--- START ---
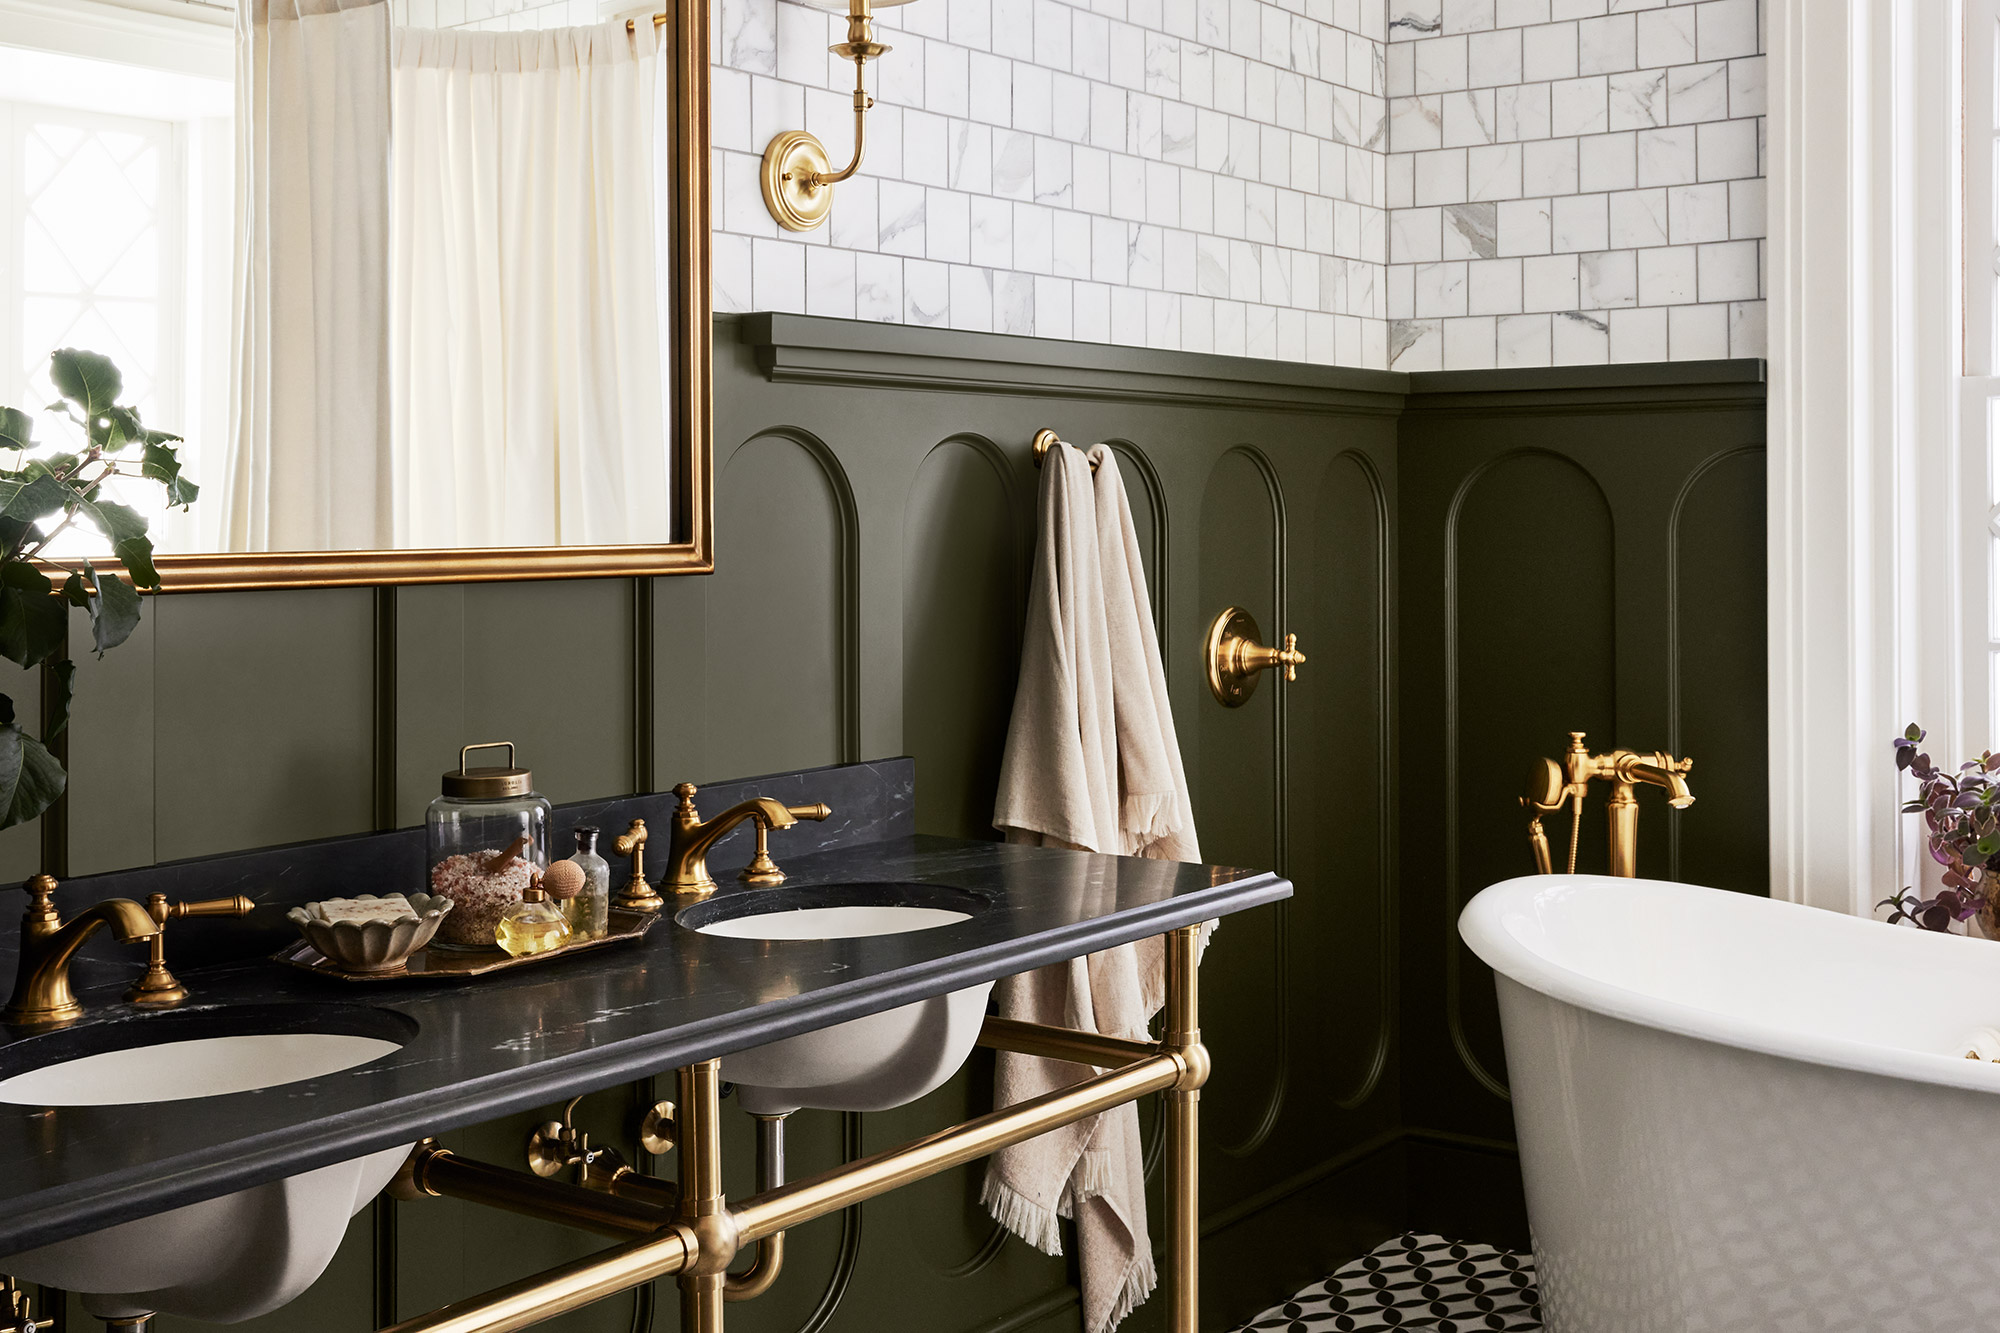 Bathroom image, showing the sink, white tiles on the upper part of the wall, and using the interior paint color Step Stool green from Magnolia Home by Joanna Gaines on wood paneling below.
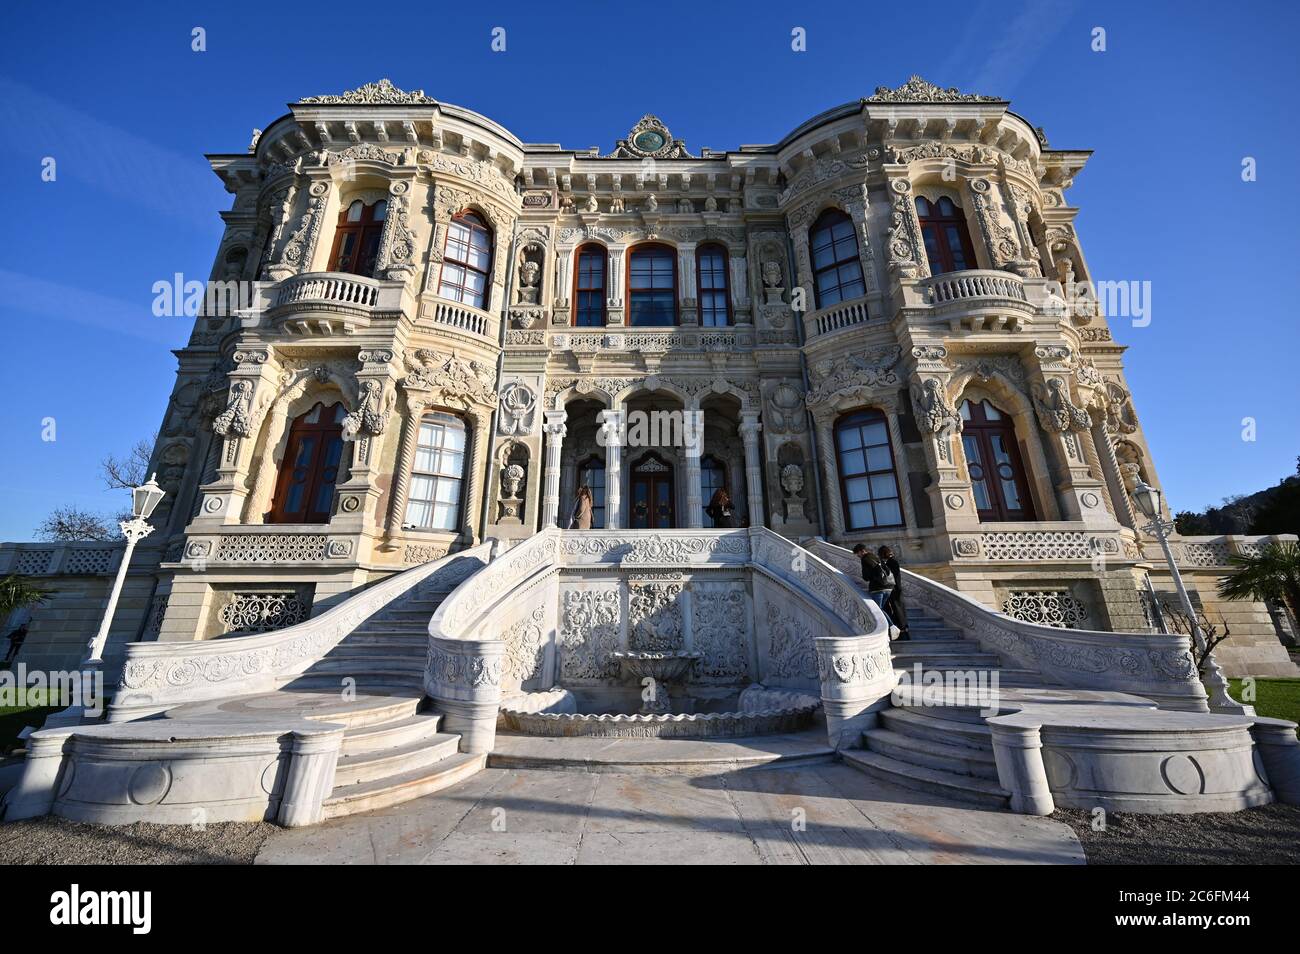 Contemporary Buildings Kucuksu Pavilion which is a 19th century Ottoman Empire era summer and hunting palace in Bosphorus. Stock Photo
--- END ---
--- START ---
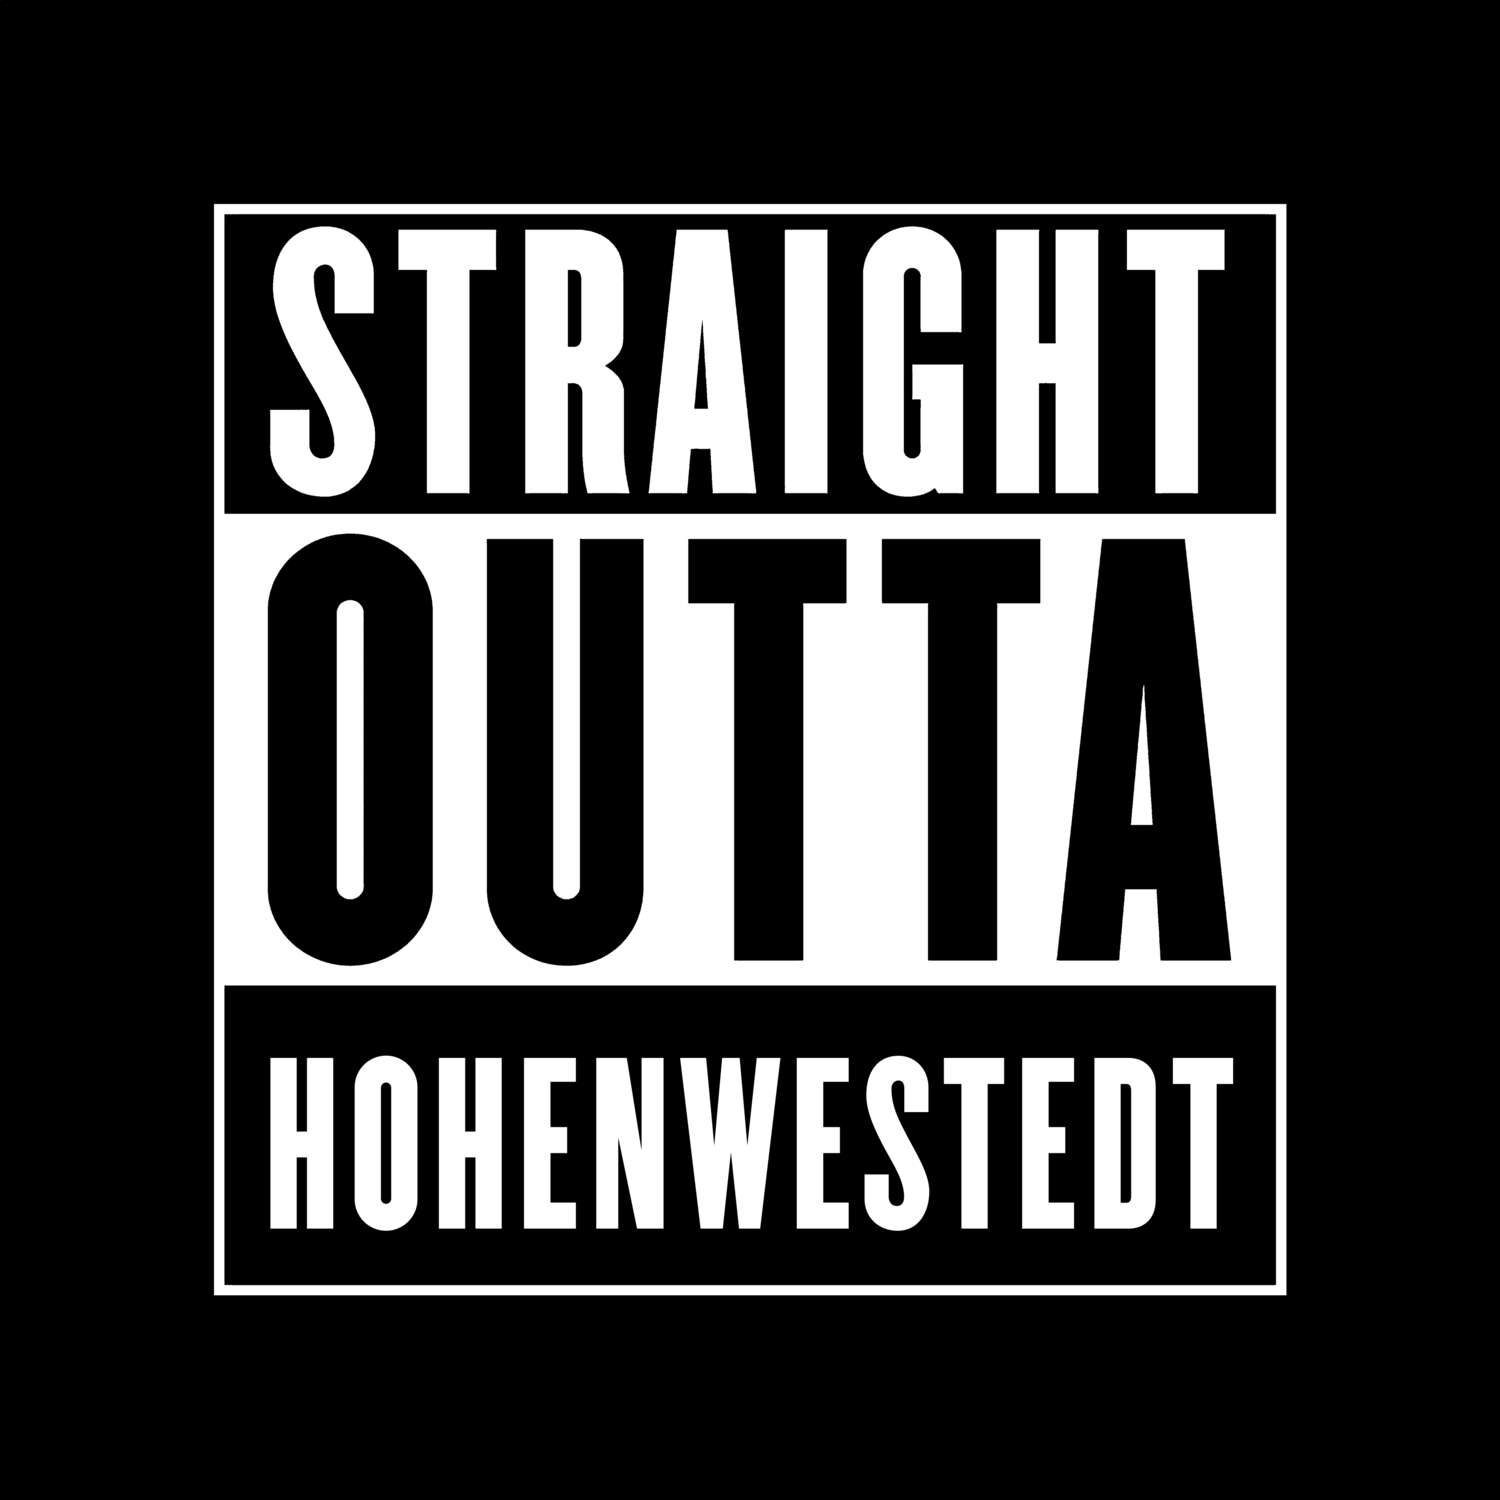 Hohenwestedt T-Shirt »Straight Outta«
--- END ---
- [What the task asks] Reproduce, word for word, everything in the listing above from the line containing "Bathroom image, showing" down to the line containing "Contemporary Buildings Kucuksu", both of them included. No pictures.

- [Written solution]
 Bathroom image, showing the sink, white tiles on the upper part of the wall, and using the interior paint color Step Stool green from Magnolia Home by Joanna Gaines on wood paneling below.
 Contemporary Buildings Kucuksu Pavilion which is a 19th century Ottoman Empire era summer and hunting palace in Bosphorus. Stock Photo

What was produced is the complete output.